All these moments lost in time like tears in rain.

No matter how globalised the world is, and no matter what incredible experiences humans have thanks to the globalised world that dominates our life, humans are still mortal, and destined for obscurity. This is an essential, universal human condition that the film confronts its audience with.

There are two main ways in which this excellent film can be related to globalisation and the values and paradigms of the 20th century. The first is the way in which replicants were created in order to assist in the exploration and colonisation of other planets as humans spreaded themselves throughout the solar system more and more in this dystopic vision of the future. The opening credits of the film explains the creation of replicants with the following words:

Replicants were used Off-world, in the hazardous exploration and colonisation of other planets.
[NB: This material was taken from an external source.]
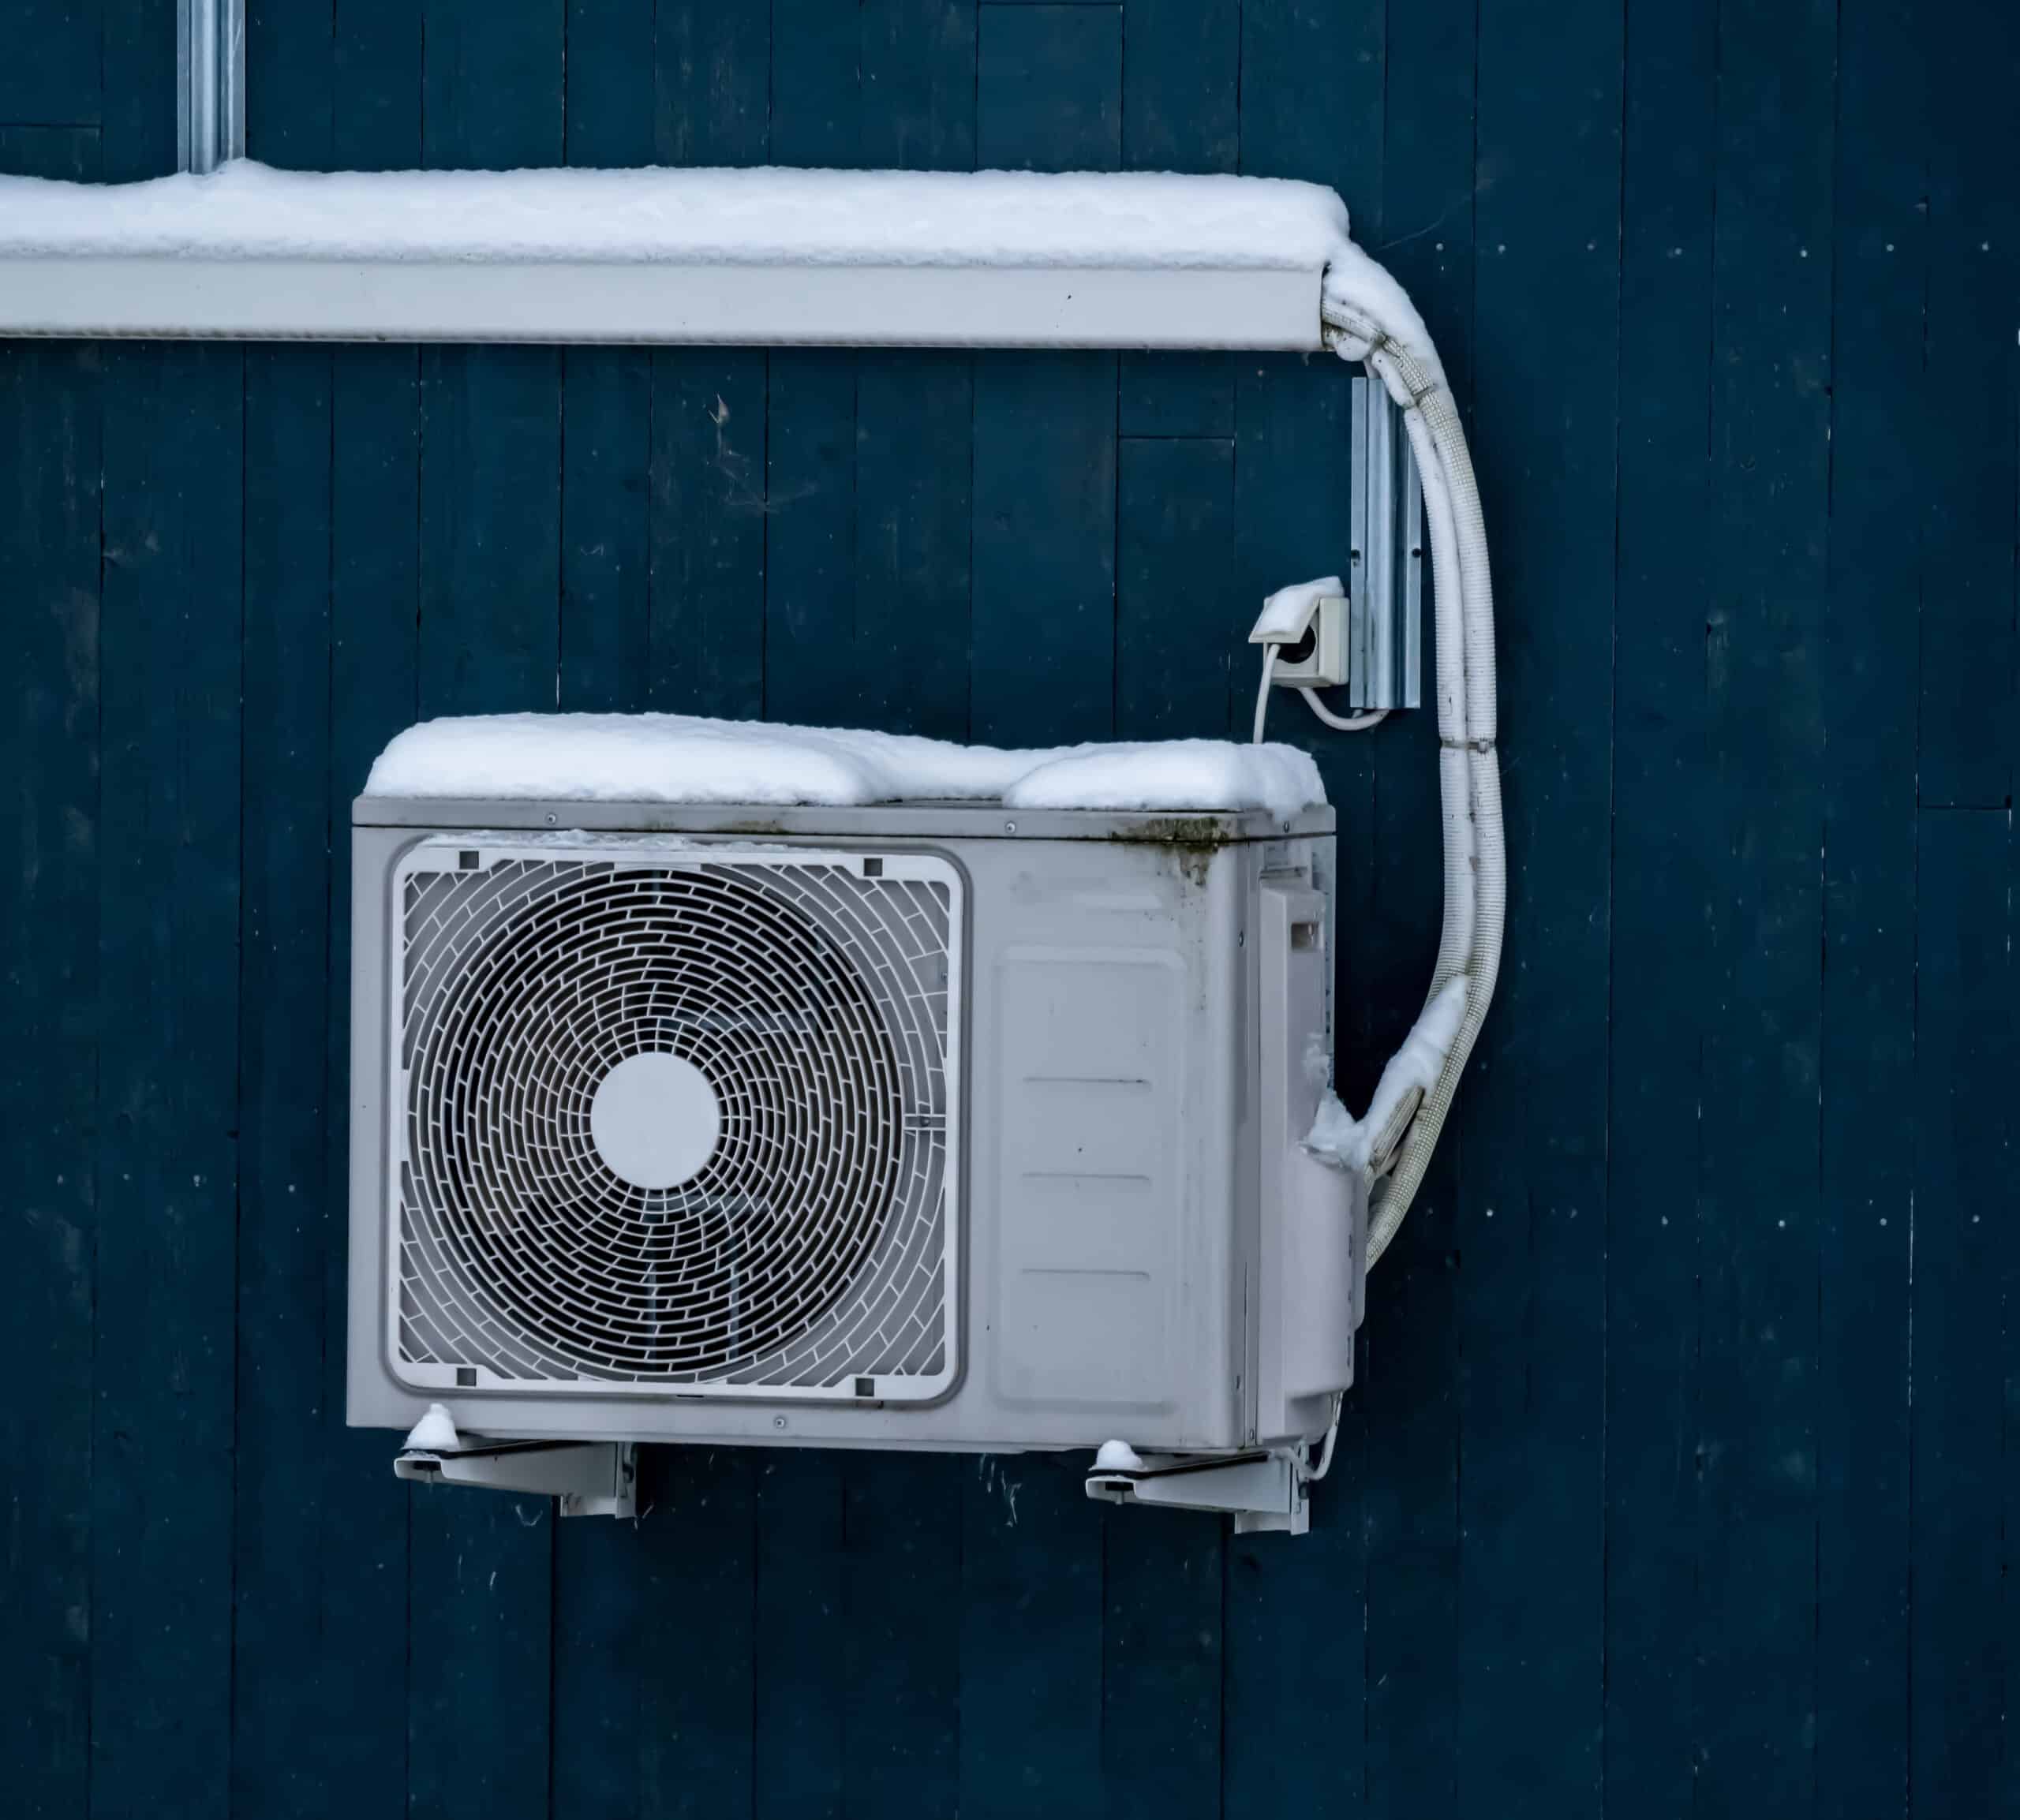 Snow-covered heat pump mounted on an outside wall

Globalisation is a phenomenon where the world literally has become a smaller place and humans are impacted more and more by what happens on the other side of the world as trade and consumerism increasingly dominate our lifestyle. This film posits a future world where this globalisation has been taken to its logical future extension in the colonisation of other planets, as life on earth comes to depend more and more on what happens on other planets in the solar system.
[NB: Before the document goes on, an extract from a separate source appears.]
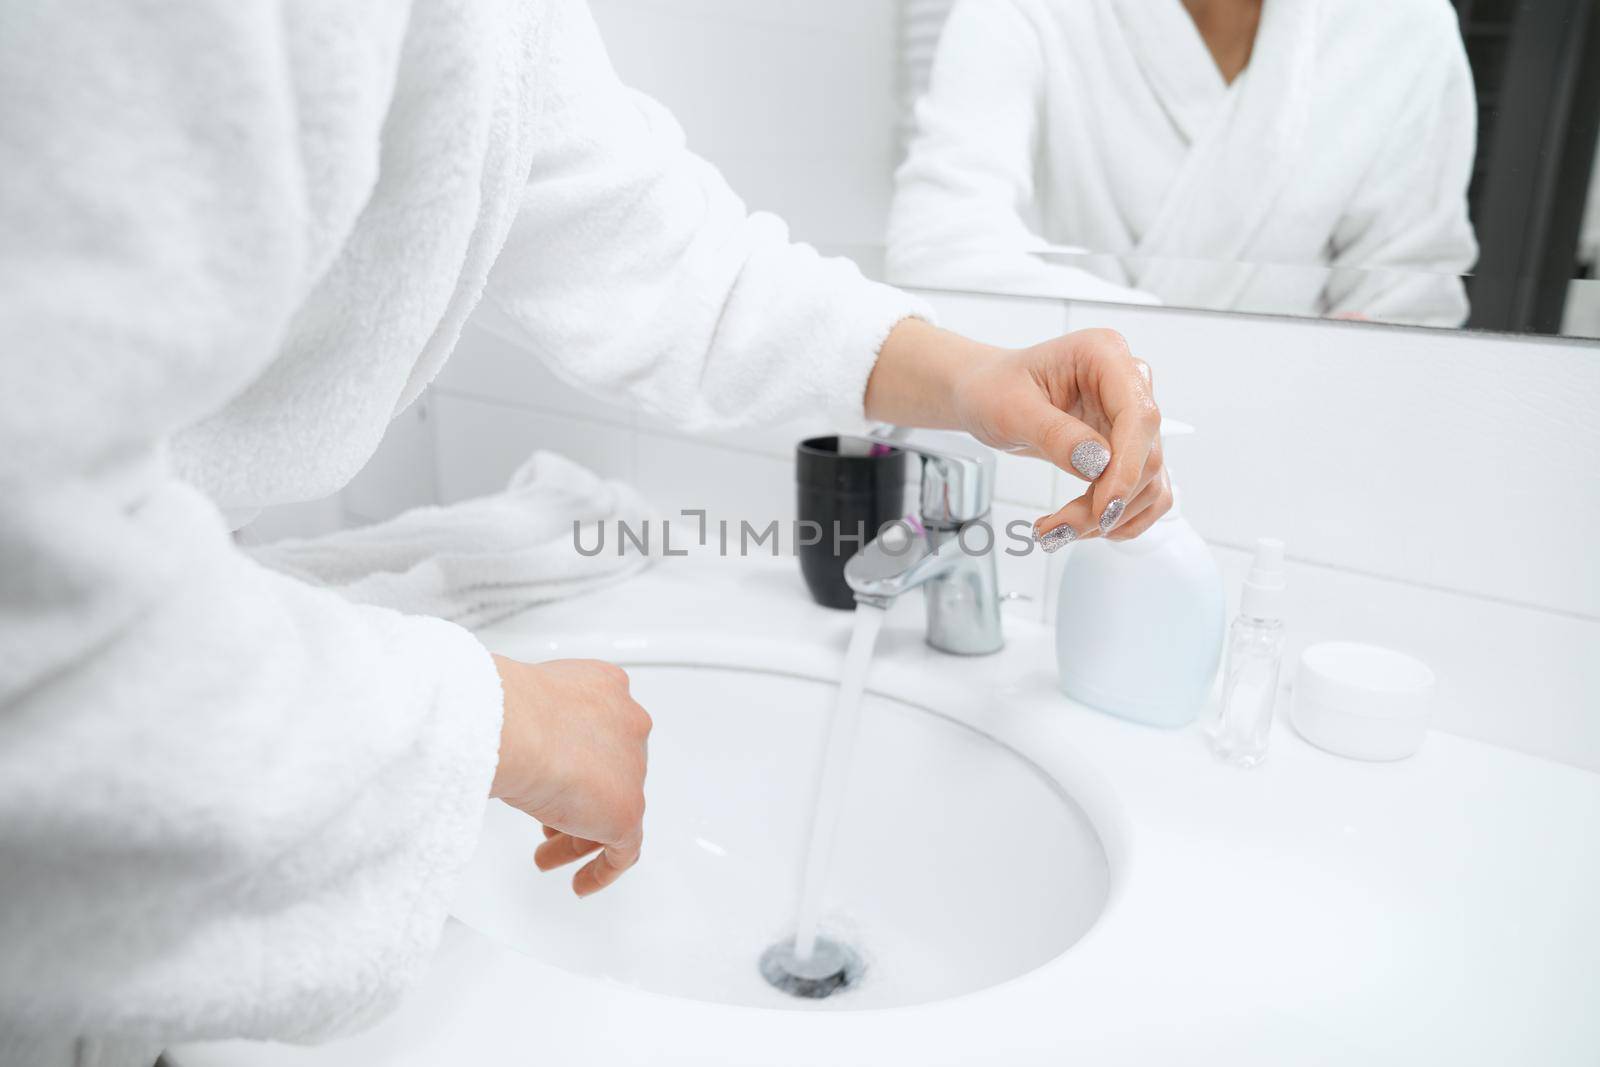  Woman in white robe standing near sink and washing hands.  by SerhiiBobyk

Secondly, Ridley Scott presents a challenging message of what the future could look like environmentally if steps are not taken. Although Los Angeles is viewed in 2019, and hopefully pollution will not have reached such a terrible state in six years, Ridley Scott's Los Angeles is a city that is surrounded permanently by a cloud of smog that means sunlight does not enter into the existence of those that live there. Ridley Scott therefore hopes to impact his viewers with this warning vision of what the world could look like if humans are unable to do anything about the dire environmental situation they are faced with.